Designing the Books Page
The books page is where most visitors spend their time, so it deserves the most design attention on the site.
Each book’s entry should include:
- A cover image, ideally shown as a clean, well-lit render rather than a flat scan — this is often the single biggest driver of whether a browsing visitor clicks in
- A short synopsis — a few sentences, not the full back-cover copy, with a “read more” if you want the longer version available too
- Buy links to multiple retailers, not just Amazon — Barnes & Noble and Bookshop.org (which supports independent bookstores) are common additions. Universal-link tools like Books2Read route a reader to whichever retailer they actually use from one link, simpler to maintain than a row of separate buttons per title.
- Series or reading-order information, if the book is part of one — a reader landing on book three needs to know that immediately, not discover it after buying the wrong one
- A sample or excerpt, where you’re able to offer one — letting a reader try before they buy reduces hesitation the same way it would on any product page
If a book hasn’t launched yet, a “coming soon” treatment — cover, release window, and a pre-order or notify-me link — keeps the page useful instead of empty.
The About Page: Building Trust in the Person Behind the Books
Readers who reach your about page are already interested — its job is to convert that interest into trust.
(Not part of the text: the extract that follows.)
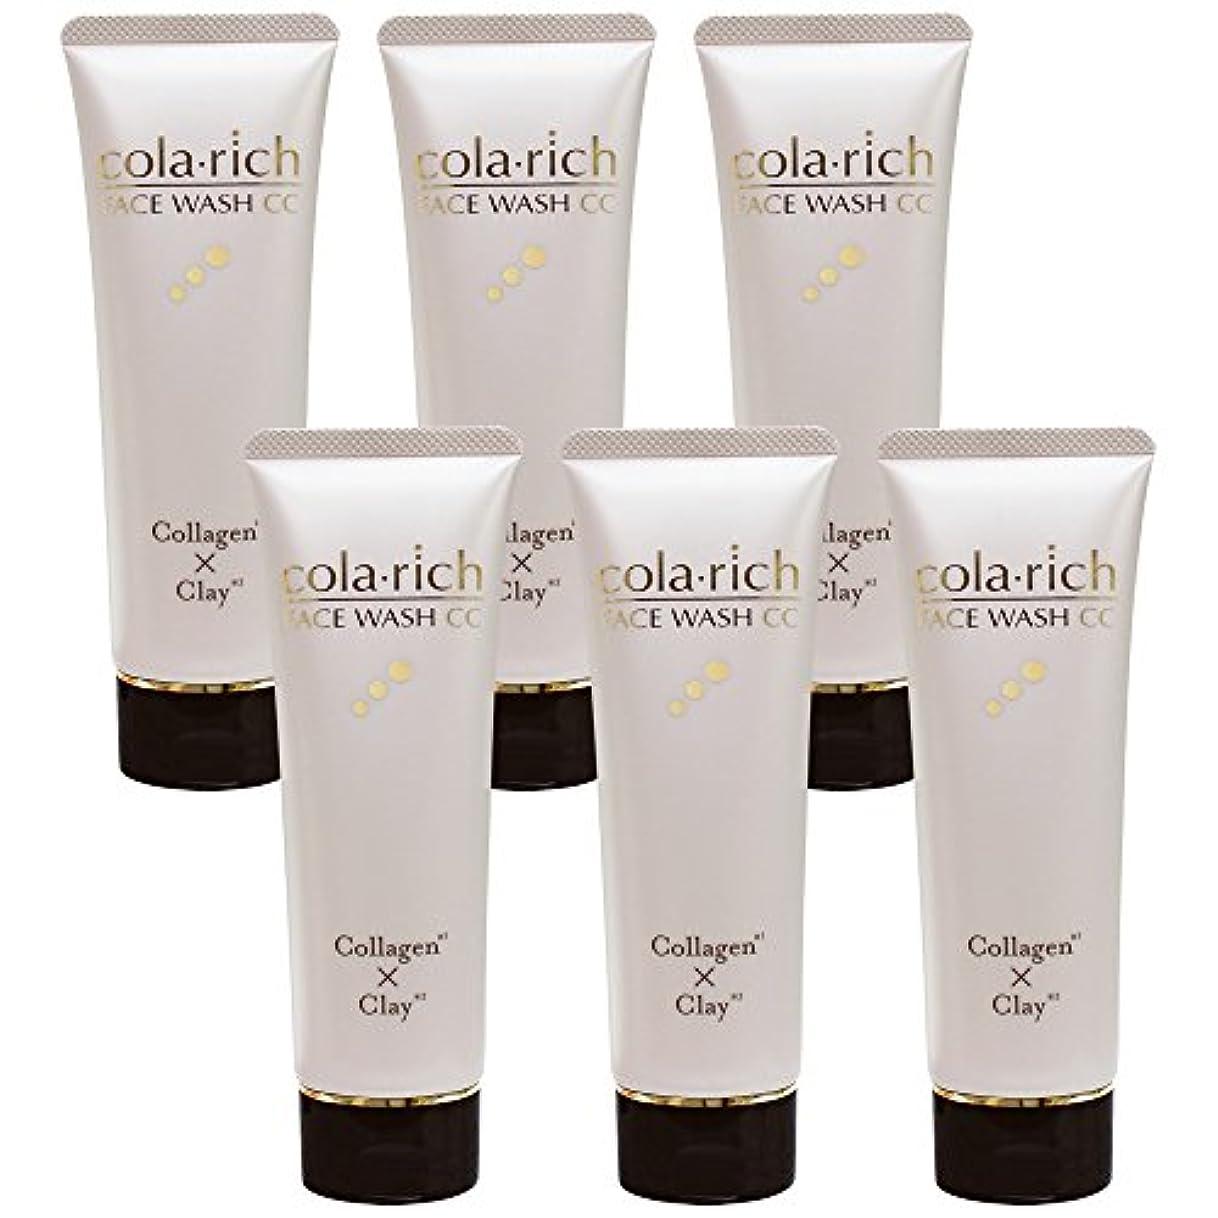 体グラス義務的コラリッチ コラーゲン配合美容液洗顔6本まとめ買い/フェイスウォッシュCC(1本120g 約1カ月分)キューサイ

A real photo, a clear bio, and honest background information (education, career, prior publications, anything genuinely relevant) do more work here than polished copywriting.
It’s common to keep two versions of the bio: a short one (two or three sentences) for press use and social profiles, and a longer one for the about page — so you’re not writing a new bio from scratch every time a podcast or blog asks for one.
If you expect press interest, a dedicated media page with headshots, book covers, and the short bio available for download saves back-and-forth email. Linking out to your Goodreads profile, if you have one, gives readers another place to find the books.
The Email List Is the Real Asset
Many authors and publishing consultants treat the mailing list as the most valuable thing on the site because it’s the one audience you own outright, independent of any retailer’s or platform’s algorithm.
A signup form alone rarely pulls much — offering something in exchange (a free short story, a sample chapter, a printable extra tied to the book’s world) works better. Place the signup where it’s easy to find: a footer form that appears sitewide, a dedicated you can link to from social media, and a mention on the books page itself for readers who just finished one title.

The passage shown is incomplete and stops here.